However, the Spanish did not resist the Portuguese expansion of Brazil across the meridian. The Treaty of Tordesillas was rendered meaningless between 1580 and 1640 while Spain controlled Portugal. The creation of Viceroyalties of New Granada and Rio de la Plata (at the expense of Peru's territory) reduced the importance of Lima and shifted trade to Caracas and Buenos Aires, while the fall of the mining and textile production accelerated the progressive decay of the Viceroyalty of Peru. Eventually, the district would dissolve with much the Spanish empire when challenged by national independence movements at the beginning of the 1800s.
Contents |
[edit] History
[edit] Exploration and Settlement (1542-1643)

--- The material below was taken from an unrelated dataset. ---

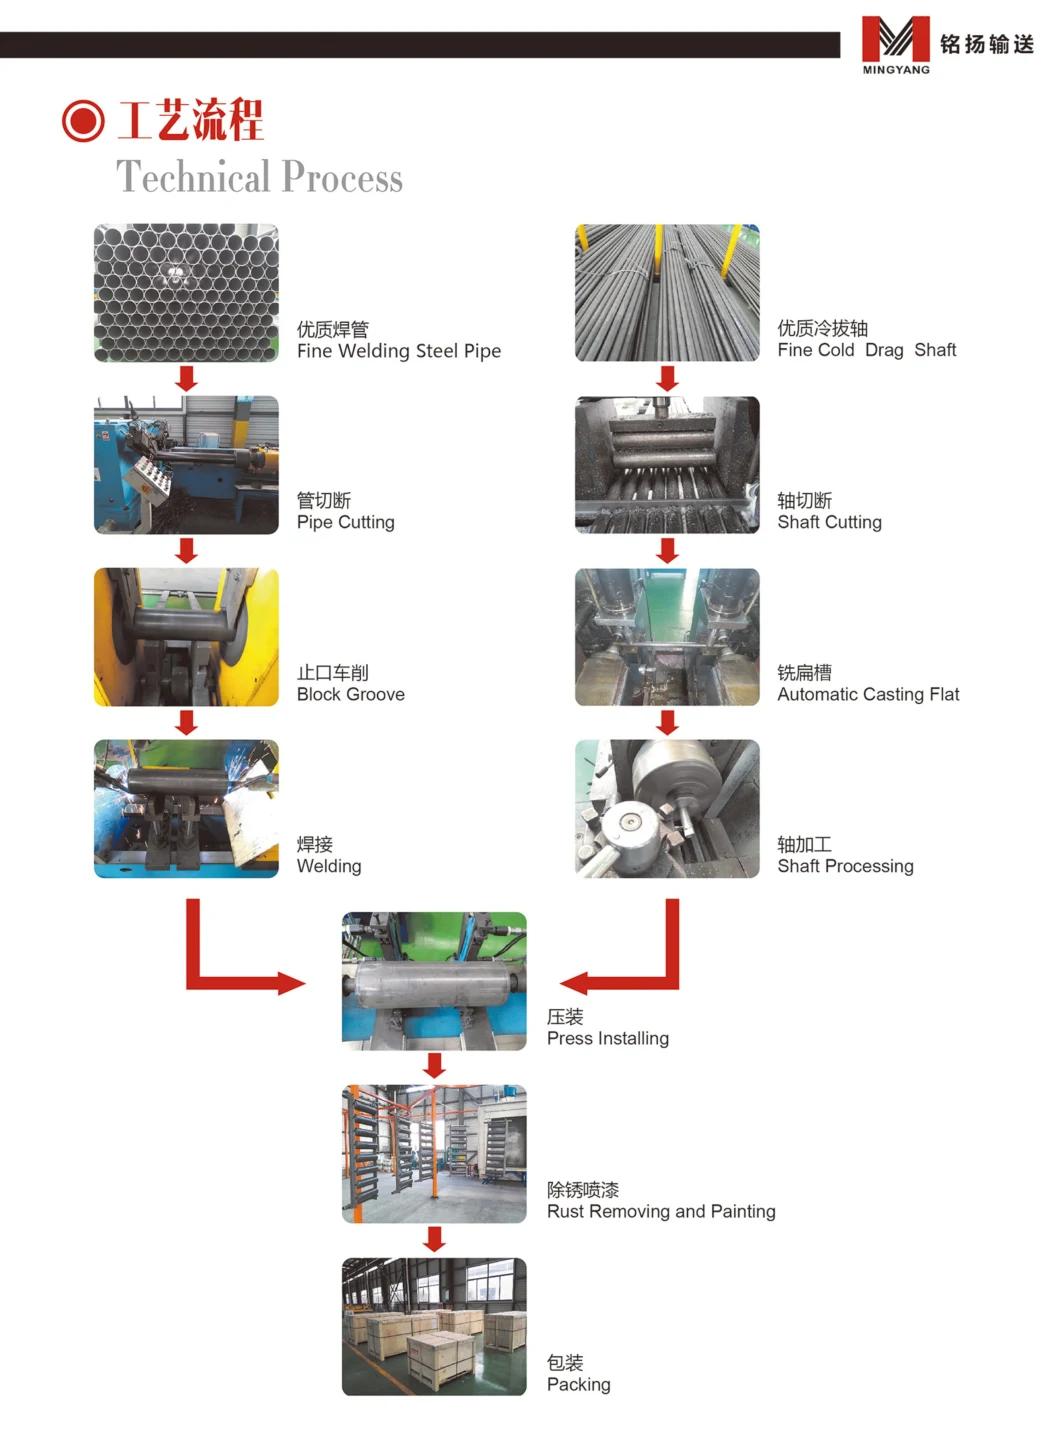 Customized Rubber Disc Return Roller / Rdrt Roller for Conveyor Belt System

After the Spanish conquest of Peru (1532–37), the first Audiencia was constituted. In 1542, the Spanish created the Viceroyalty of New Castilla, that shortly afterwards would be called the Viceroyalty of Peru. In 1544, Holy Roman Emperor Charles V (King Charles I of Spain) named Blasco Núñez Vela Peru's first viceroy, but the viceroyalty was not organized until the arrival of Viceroy Francisco de Toledo in 1572. Toledo made an extensive tour of inspection of the colony.
Francisco de Toledo, "one of the great administrators of human times",[1] established the Inquisition and promulgated laws that applied to both Indians and Spanish alike, breaking the power of the encomenderos and reducing the old system of mita, or forced native labor. He improved the safety in the viceroyalty with fortifications, bridges and la Armada del Mar del Sur (the Southern Fleet) against the pirates. Francisco de Toledo also ended the indigenous state of Vilcabamba, executing the Inca Tupac Amaru, and promoted economic development from the commercial monopoly and the mineral extraction, mainly, from silver mines of Potosí.

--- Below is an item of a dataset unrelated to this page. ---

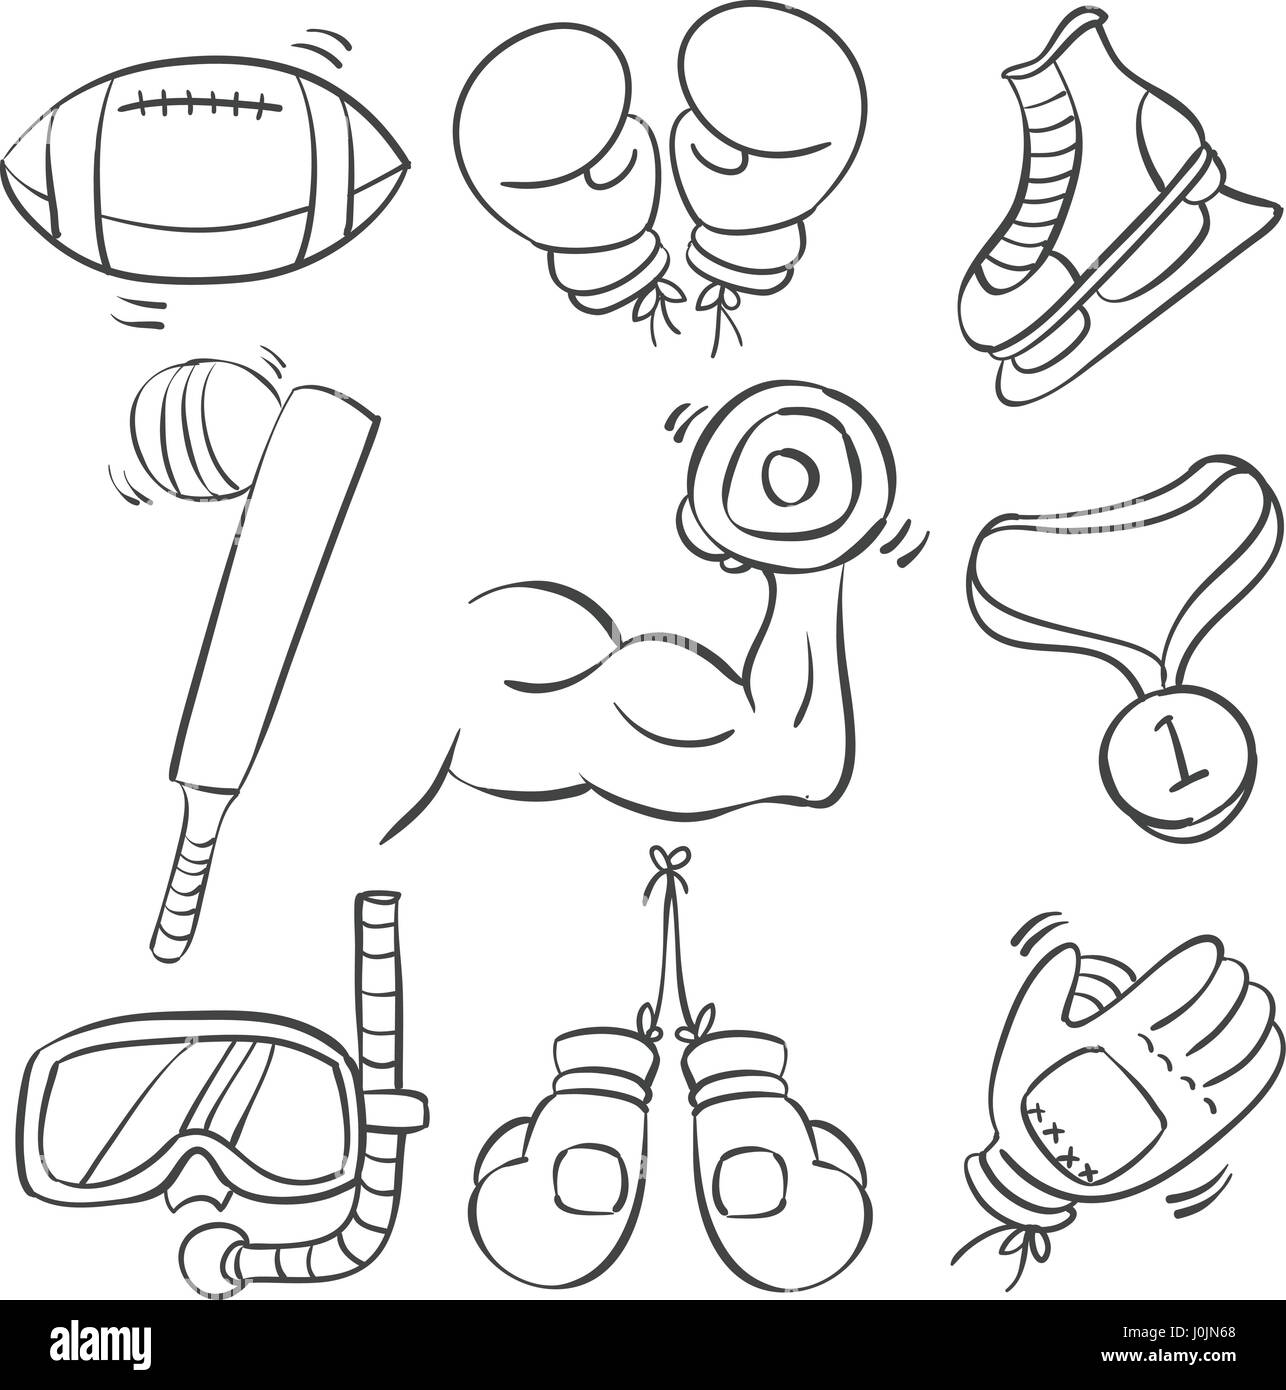 Doodle Sport Ausrüstung Hand zeichnen Vektor-illustration  Stock-Vektorgrafik - Alamy

Jerónimo Luis de Cabrera founded the city of Córdoba (in modern-day Argentina) on July 6, 1573. Tarija and Cochabamba (both in modern Bolivia) were founded in 1574. The Treaty of Tordesillas was rendered meaningless between 1580 and 1640 while Spain controlled Portugal, but Luis Jerónimo Fernández de Cabrera sent out the third expedition to explore the Amazon River, under Cristóbal de Acuña. (This was part of the return leg of the expedition of Pedro Teixeira.) Many Pacific islands were visited by Spanish ships in the sixteenth century, but they made no effort to trade with or colonize them. These included New Guinea (by Yñigo Ortiz de Retez in 1545), the Solomon Islands (by Pedro Sarmiento de Gamboa in 1568) and the Marquesas Islands (by Álvaro de Mendaña de Neira in 1595).
The first Jesuit reduction to convert and "civilize" the Indigenous population was founded in 1609. In 1617, Francisco de Borja y Aragón divided the government of Río de la Plata into two, Buenos Aires and Paraguay, both dependencies of the Viceroyalty of Peru.
Viceroy Borja y Aragón also established the Tribunal del Consulado, a special court and administrative body for commercial affairs in the viceroyalty. Diego Fernández de Córdoba, Marquis of Guadalcázar reformed the fiscal system and stopped the interfamily rivalry that was bloodying the domain.
Other viceroys, such as Fernando Torres, Borja y Aragón, Fernández de Cabrera or Fernández Córdoba also expanded the colonial navy and fortified the ports to fight against pirate attacks, as as those lead by the Englishman Thomas Cavendish. Fernández de Cabrera suppressed an insurrection of the Uru and Araucano Indians.
On July 9, 1586 a strong earthquake struck Lima and Callao, and an associated tsunami did some damage in Callao.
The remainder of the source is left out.